Wednesday, October 2, 2013

Why Adopt Internationally...

I have heard a lot lately about intenational adoption, not being a good thing. How we are really encouraging an industry, because there is money to be made in children. I have heard that there are plenty of children here that need homes, why not adopt domestically.

I think some of those people are right. Unfortunately, people do see money in adoption, and maybe it is happening. Maybe people are giving up their children because they want them to have a better life, or they cannot care for them. Maybe, definitely, there needs to be something done. We need to make resources available to people to make giving their children up not a real option. We need to educate them, that just because a child has a special need, does not mean they cannot raise them. And can I just say, does it not happen here? In this country, people give up their babies because they do not feel like they can care for them. I have a friend, who's child is the fourth child of a woman. She kept the first three and gave up her fourth for adoption. As heartbreaking as that is, she did it so her child would have a better life, and she is with an amazing family. There are moms in this country that feel unable to care for their children and give them up for adoption. I have another friend who had her baby when she was a teenager and just did not feel like she could care for her, she gave her up for adoption. It does not just happen in other countries... there are children here available for adoption for reasons other than their parents are no longer living. We live in a broken world. Nothing is perfect.

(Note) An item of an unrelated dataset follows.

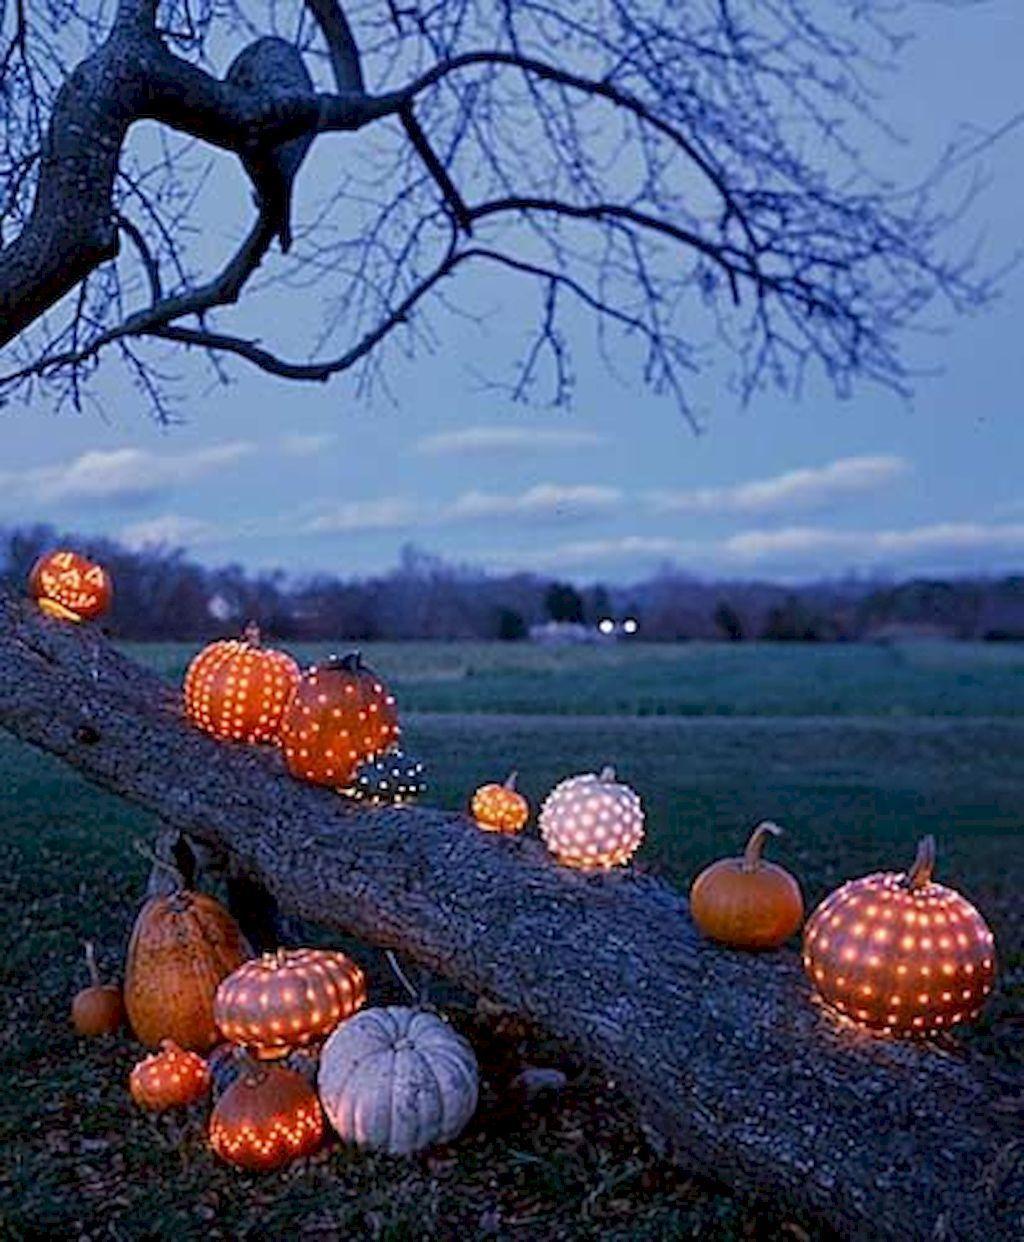 Halloween Outdoor Decoration Ideas 2020 80 + CREEPY OUTDOOR HALLOWEEN DECORATION IDEAS (33) | October 10

The country we are adopting from there is poverty and people are told they are not able to take care of children with special needs. They are told when the child is born that they cannot do it. There is stigma that comes with these needs. There is an idea that the child is cursed and will bring curse on their family. This should change.

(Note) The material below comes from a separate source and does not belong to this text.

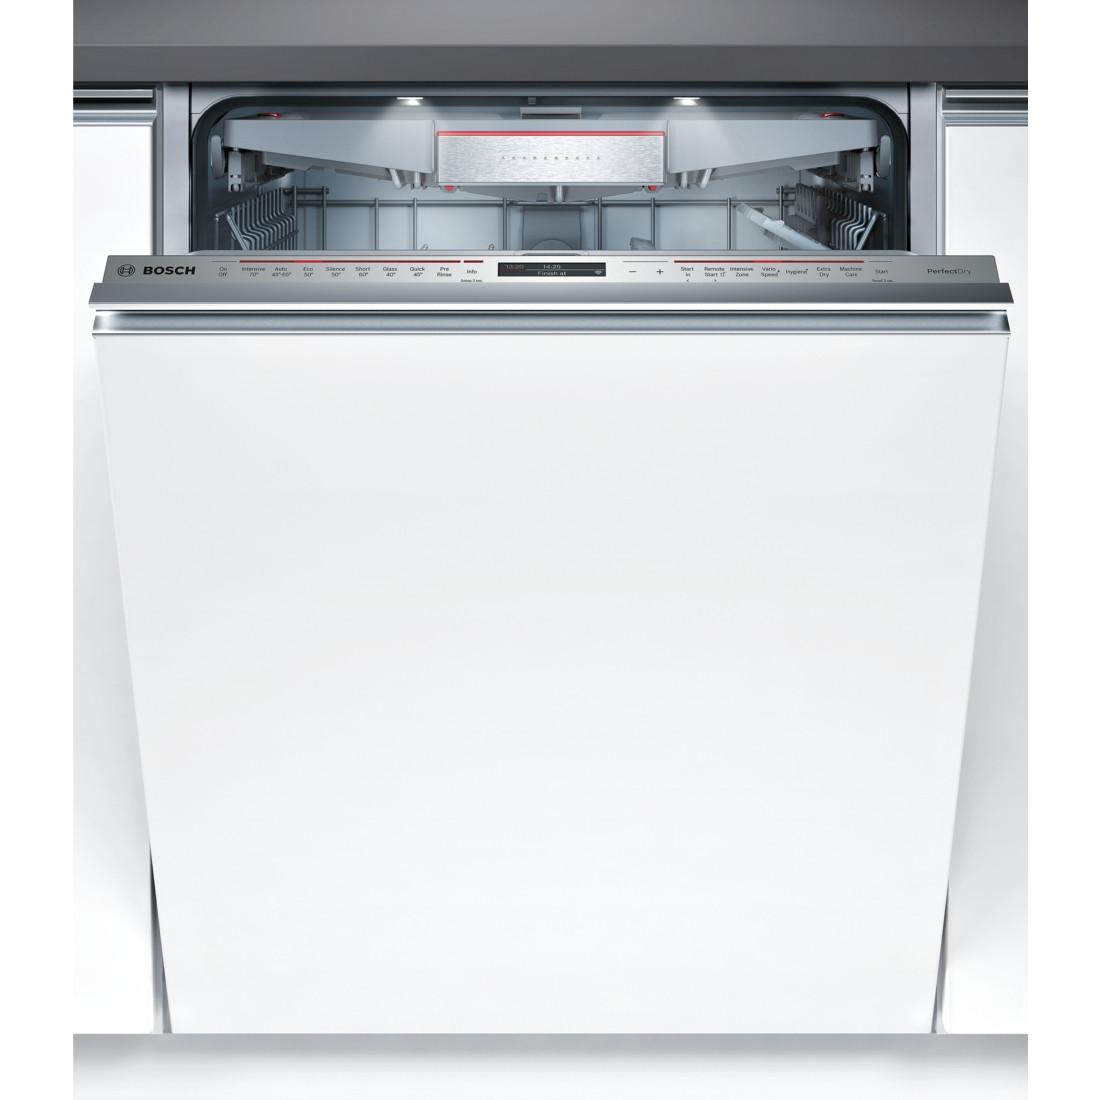 Bosch SMV68TD06G 60 Fully Integrated Dishwasher

But does that mean we should stop adopting internationally? Will this fix the problem? I do not think it will, at least not immediately. And immediately, there is a need for these children who are living in orphanages to have a home. There are hundreds of children waiting, thousands waiting. And maybe they were given up for the right reason or the "wrong", but I can guarantee that regardless of the reason, right now, they need a family.

International adoption is expensive, but that money goes to real things,  not to people making  money off adoption, at least from our experience. We have a case worker, who needs to get paid. And another case worker who did our homestudy who also needs to get paid. Our government requires paperwork to be filled out and every bit of paperwork has a fee. And there are organizations overseas that are advocating for these orphans, that need to be paid, they translate all the paperwork, they meet with adoptive families and bring them to the orphanage and translate for them while overseas, there is a government overseas that we are working with that also has fees for paperwork and meetings and court just like our country. There is travel and visas and passports and plane tickets. It is expensive, but there is not a lot of "extra" in there.

So, after all that, why international adoption? In short, because there are kids that need homes. There are children here and there. Their lives are not any less valuable than the ones here.

I always thought I would adopt domestically. It was always the plan. Until the day my eyes saw this little boy. I never thought I would adopt outside of birth order, or a child with special needs.  But then I saw the children, this little boy, and I realized no matter what their lives are worth fighting for.

So YES, please let us find a way to educate parents around the world about special needs, to take the stigma away, let us find a way to provide resources for families that give them options and allow them to keep raising their children. But let's not stop adopting. There are just too many. The stories we hear about these things happening, I have no doubt are true, but I do doubt they are the norm. And if we believe them and stop, then we are leaving these children behind, and really nobody wins.